Como sociobiólogo lo sé muy bien. Todo se banaliza… no, se comercializa. ¿Acaso
no nos dicen nada las encarnizadas luchas que sostuvieron las primeras organizaciones
que estudiaron el genoma por patentarlo? Hoy en día nadie me impide que tenga una
hija que sea un duplicado exacto de Mae West o un hijo que sea un sosias de Rodolfo
Valentino. O de la actriz o el actor de moda en estos momentos, no sé quiénes son.
Pero yo quiero algo más. Quiero que pese a todo mi hijo siga siendo mi hijo, no
un producto totalmente de laboratorio, estandarizado hasta la uniformidad de una
moda que habrá pasado dentro de unos pocos años. En mis investigaciones como sociobiólogo
he visto demasiadas aulas de colegio llenas de niños que parecían clones los unos
de los otros. No quiero eso para mi hijo. Aunque Helena diga que no querría someter
a nuestro hijo a la vergüenza de ser acusado de diferente y que la moda de la temporada
es un rostro aceitunado, con unos ojos ligeramente almendrados y un cabello muy
negro y ensortijado.
Finalmente la convenzo. Pero el propio acto de convencerla
me sume en un profundo pozo de pensamientos, y pocos de ellos son agradables. Estamos
uniformizando cada vez más la vida, me digo. Por ahora es solamente una moda entre
la gente rica, un signo de distinción. Pero todas las cosas evolucionan: se difunden,
se abaratan, y terminan llegando a más de un noventa por ciento de la población.

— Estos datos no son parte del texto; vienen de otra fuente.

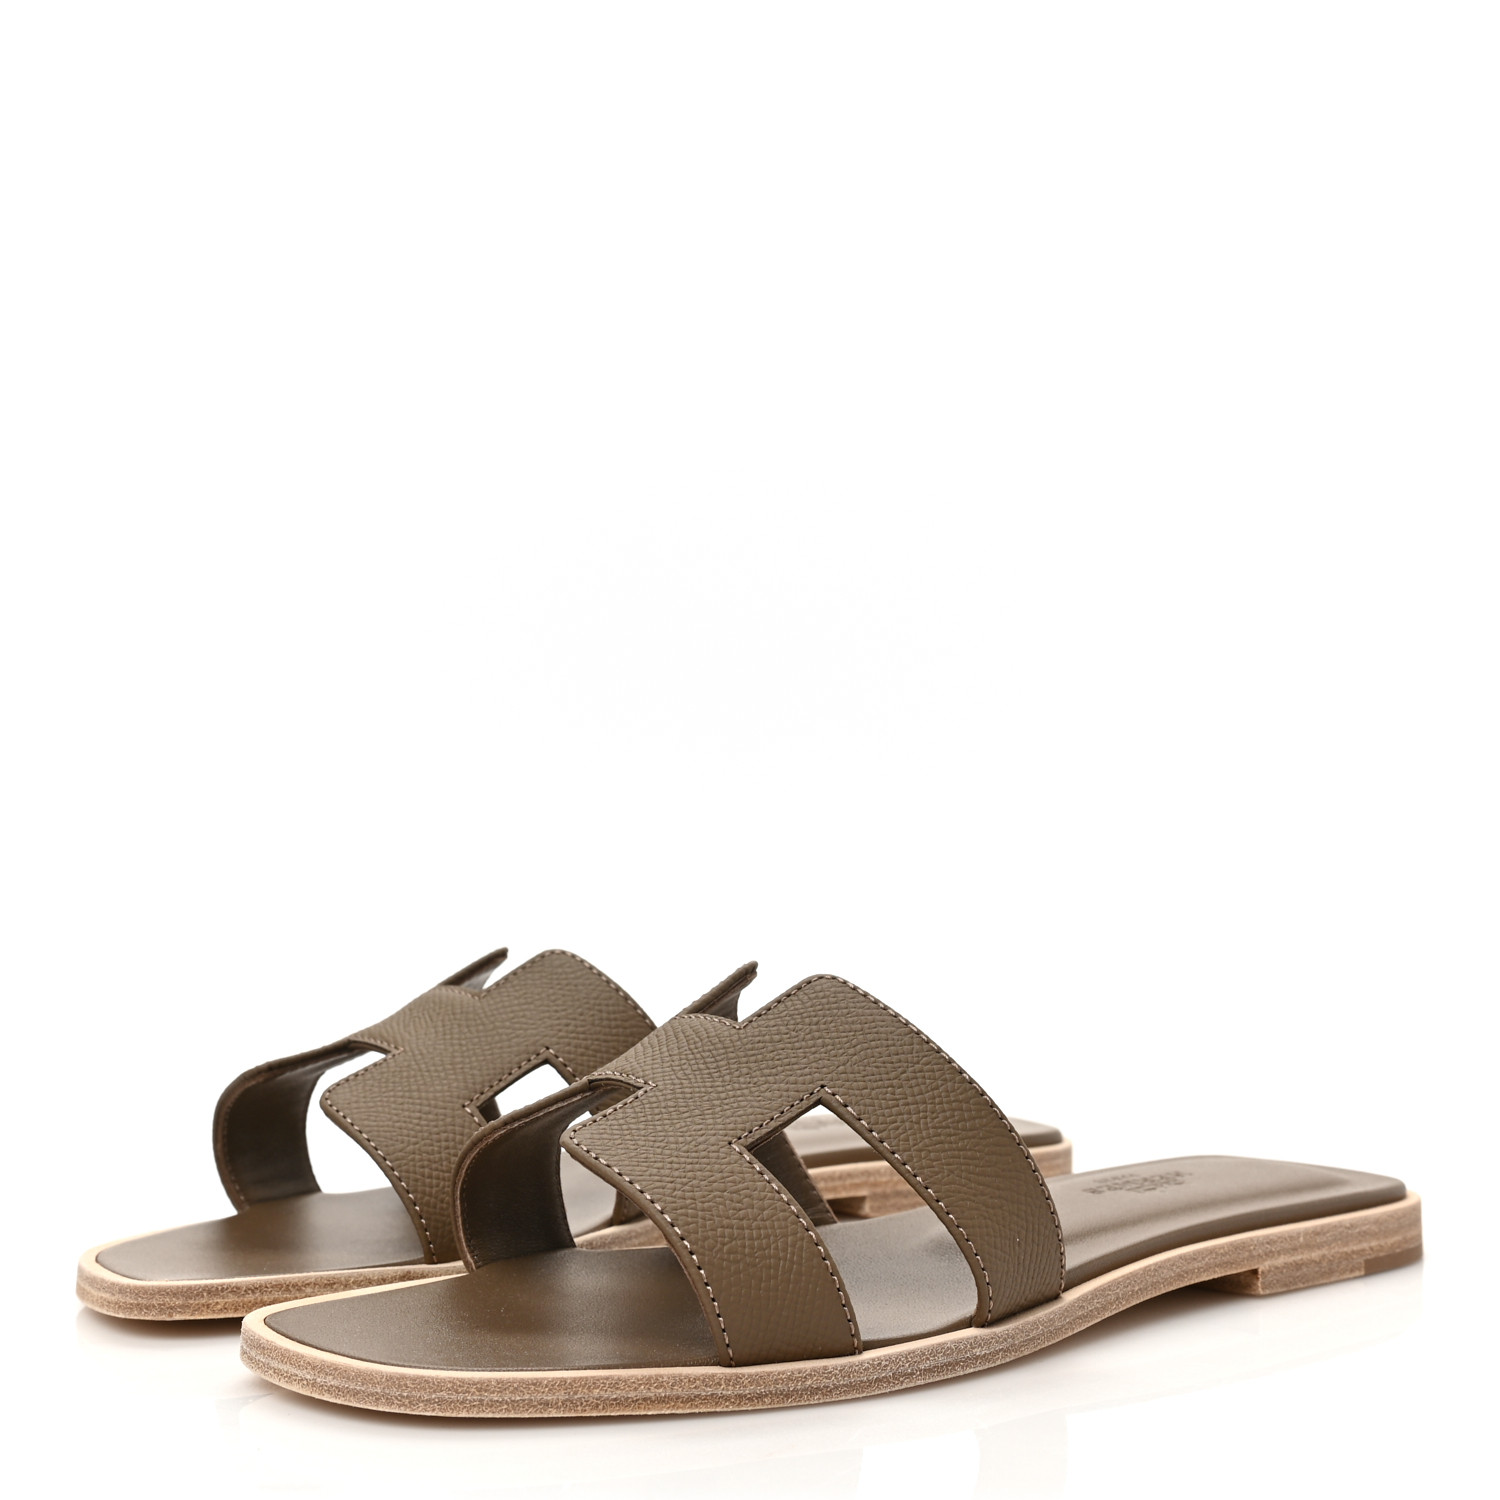 HERMES Epsom Oran Sandals in the color Etoupe by FASHIONPHILE

Se convierten en la norma.
Y no es sólo esto. Recuerdo la observación del doctor
Ströber sobre el grado de agresividad de nuestro futuro hijo. No es tan sólo el
aspecto físico lo que puede modificarse, lo que de hecho se modifica, sino también
el aspecto mental, psíquico… moral. El genoma es el conjunto de todo el individuo,
no tan sólo de su aspecto físico. Y eso puede ser terriblemente peligroso. Al igual
que hombres rubios, de piel pálida y ojos azules, también podemos fabricar hombres
violentos, crueles y mezquinos, verdaderos monstruos de iniquidad. Todo depende
del manipulador. De pronto el problema deja de ser mi hijo, su escasa agresividad
y sus orejas de soplillo que serán eliminadas sin ninguna dificultad. De pronto
el problema adquiere una dimensión mucho más grande. Cuando abrimos la caja de Pandora
nunca sabemos lo que va a salir de su interior.
De pronto me pregunto qué hubiera ocurrido si Hitler
hubiese dispuesto en su tiempo de esta tecnología.